__Exercise__
Return each line exactly, beginning with the one that has "STAFF KITCHEN & BOARD ROOM SIGN" and finishing with the final line of the material. Drop any pictures.

__Information supplied__

*** Block opens ***

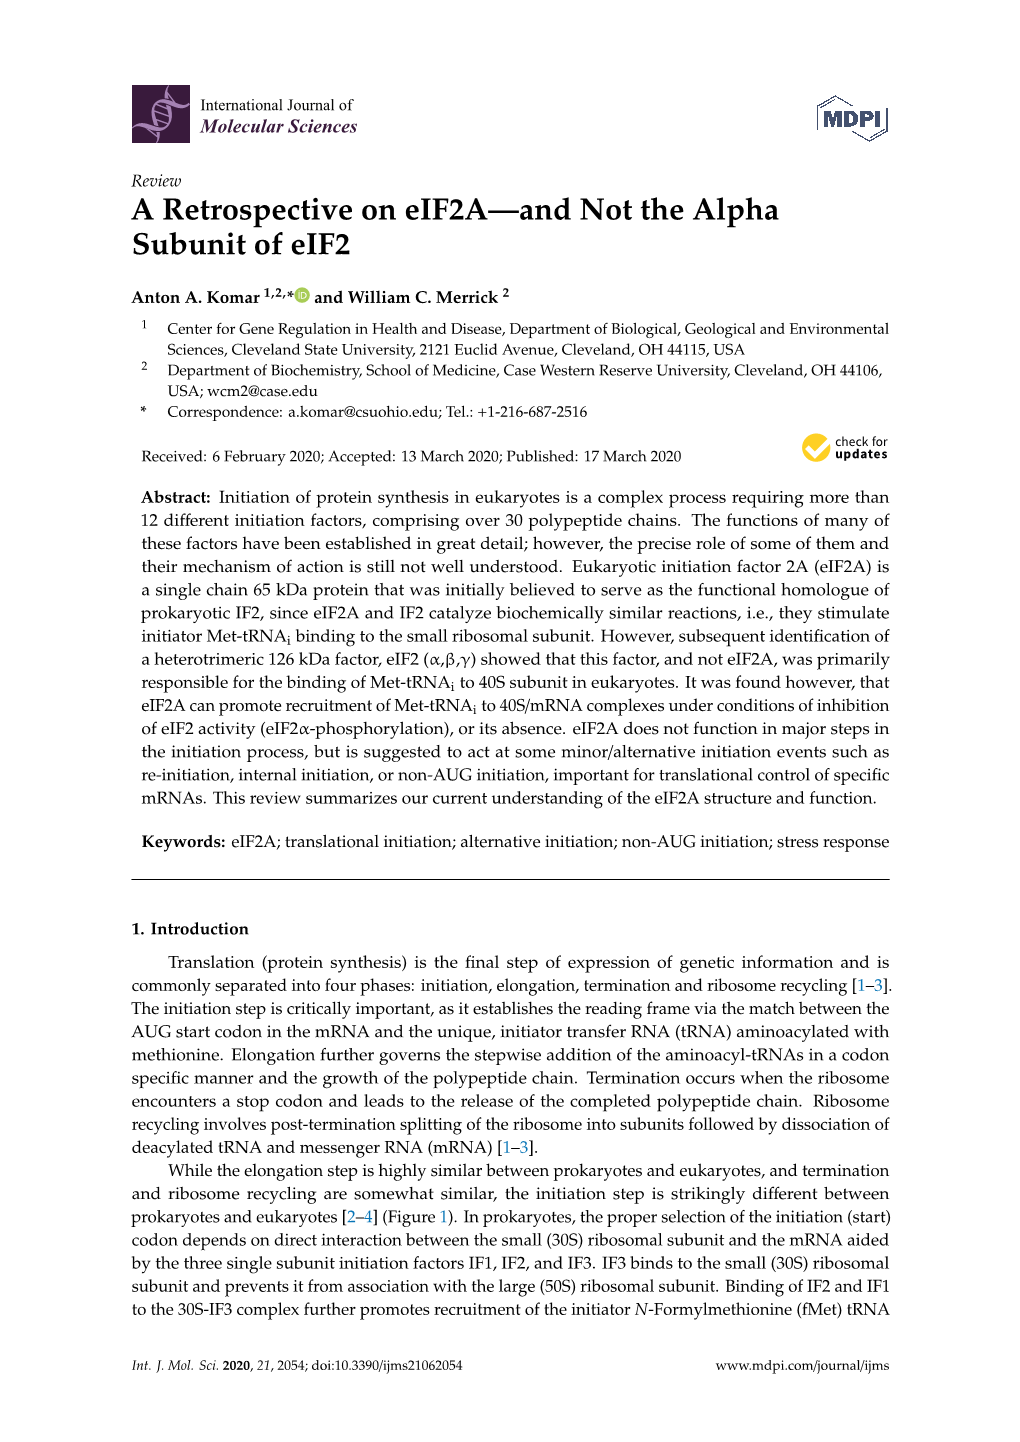 A Retrospective on Eif2a—And Not the Alpha Subunit of Eif2
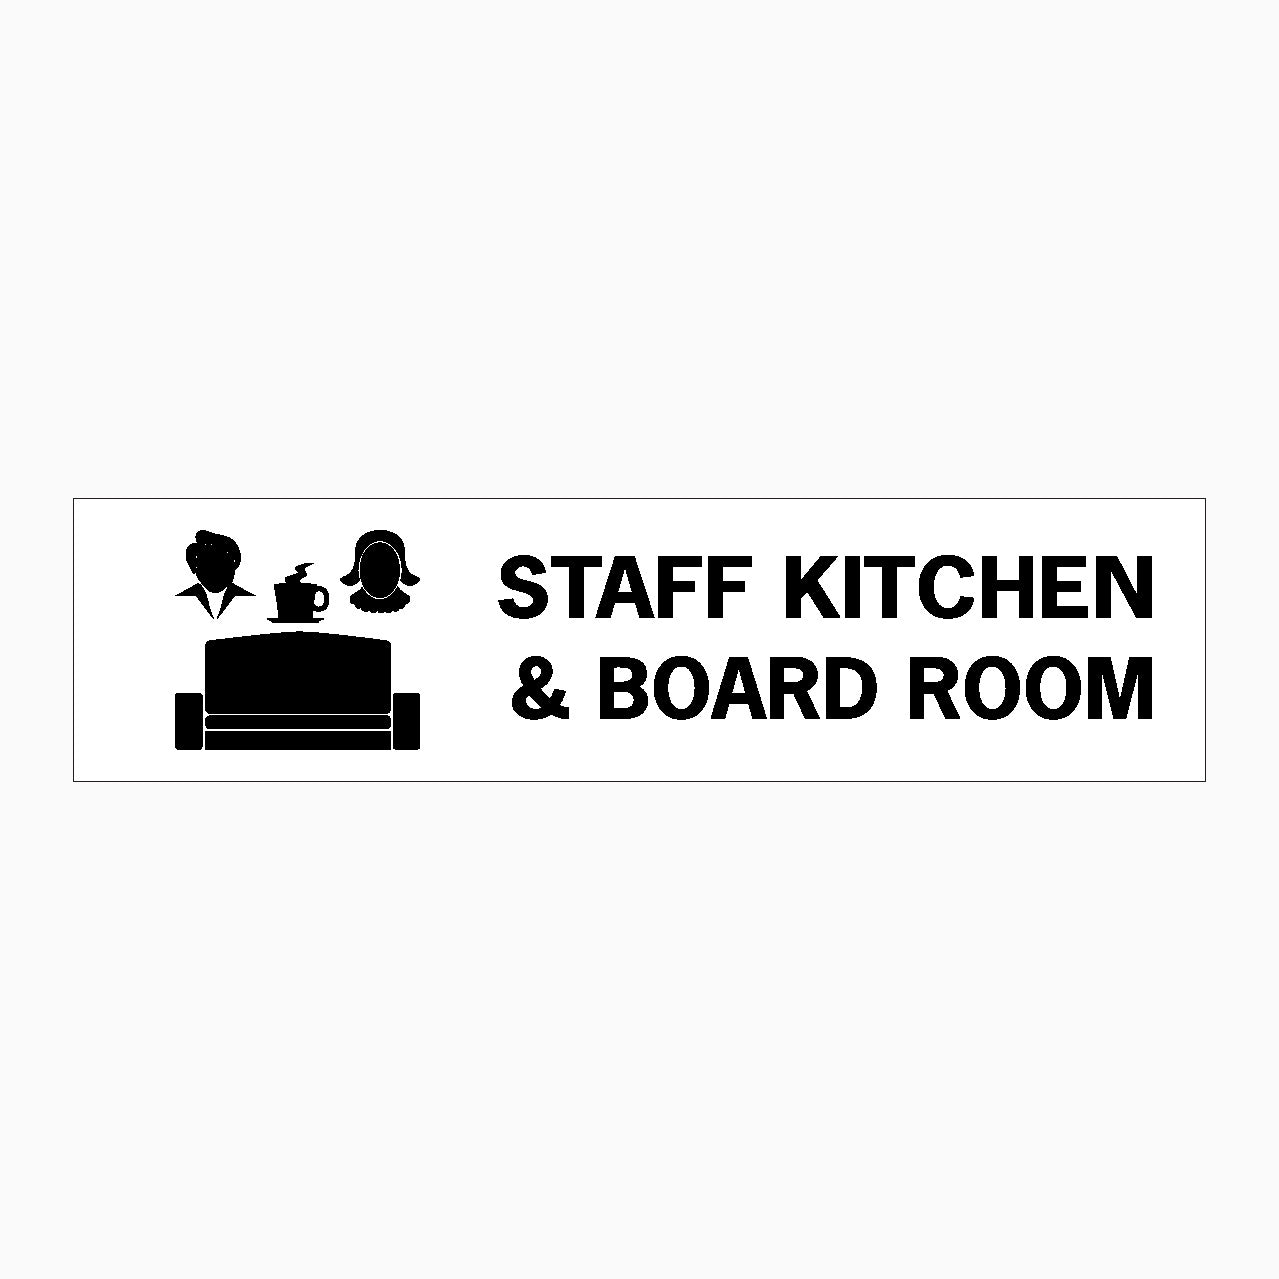 STAFF KITCHEN & BOARD ROOM SIGN
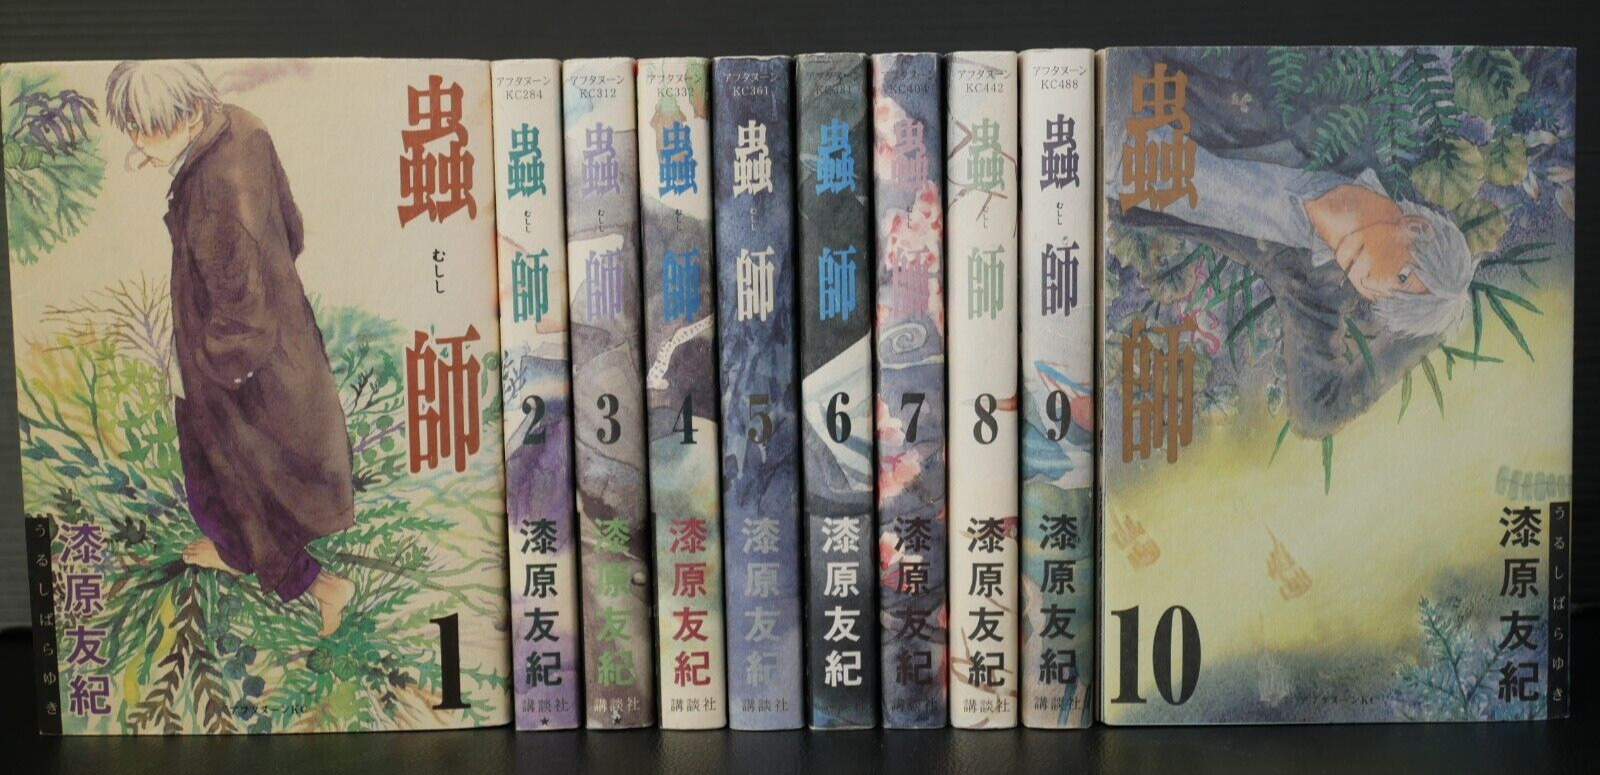 Mushishi Manga Vol.1-10 Complete Set by Yuki Urushibara - from JAPAN

*** Block closes ***

__Task response__
 STAFF KITCHEN & BOARD ROOM SIGN
 Mushishi Manga Vol.1-10 Complete Set by Yuki Urushibara - from JAPAN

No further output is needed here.